Especially note that you add the following configuration option:

# Only necessary when using the TypeScript Client Library on the server.
Server.RequireClientCertificate: "DO_NOT_REQUEST_OR_REQUIRE_OR_VERIFY"

This is required, because the gRPC web proxy does not support client authentication.

5.3. Client application:

5.3.1. Integrate the Sharemind HI Client library (C++)

This library is used on the client side only to upload keys into Sharemind HI. This means, actions like read or write requests do not use the Sharemind HI Client library.

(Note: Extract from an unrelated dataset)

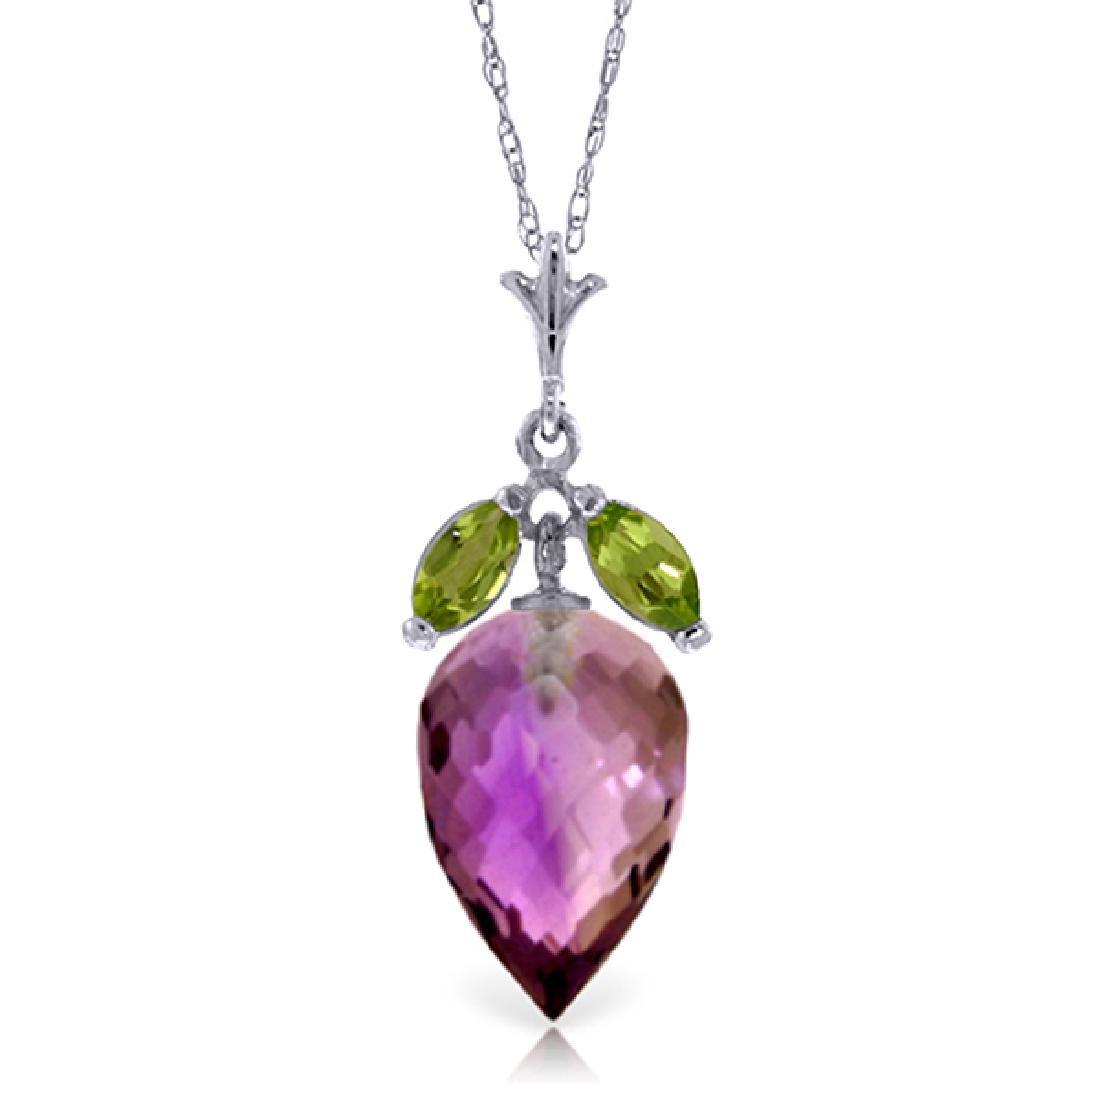 Genuine 10 ctw Amethyst & Peridot Necklace Jewelry 14KT

You received the Sharemind HI Client C++ library separately (as source code or precompiled library). You need to integrate this into your build environment.

5.3.2. Configure the Sharemind HI Client library (C++)

The most important type in the Sharemind HI Client library for C++ is sharemind_hi::Client. You need to provide the following information, and you need to decide which information to hardcode, sideload or ask from the user:

the user’s certificate and private key (possibly created by your client application)
fingerprints of the enclaves (provided by Cybernetica)
the Intel Attestation Service Signing Certificate Root (can be downloaded from Intel)
For the runtime, the certificates of the enforcers (which are also configured in the DFC).

The Sharemind HI Server only speaks gRPC. However, the client library can be used in a tunneled mode, where the library itself does not perform gRPC calls. Instead, it gives messages to a callback which needs to transmit the bytes to the Sharemind HI Server. You can thus send the data over an existing API endpoint to your server, and your server then tunnels the request (described in Section 5.6.2).

The clientApp/src/communication/HICommunication.cpp file shows how to construct the client object (buildHIclient function).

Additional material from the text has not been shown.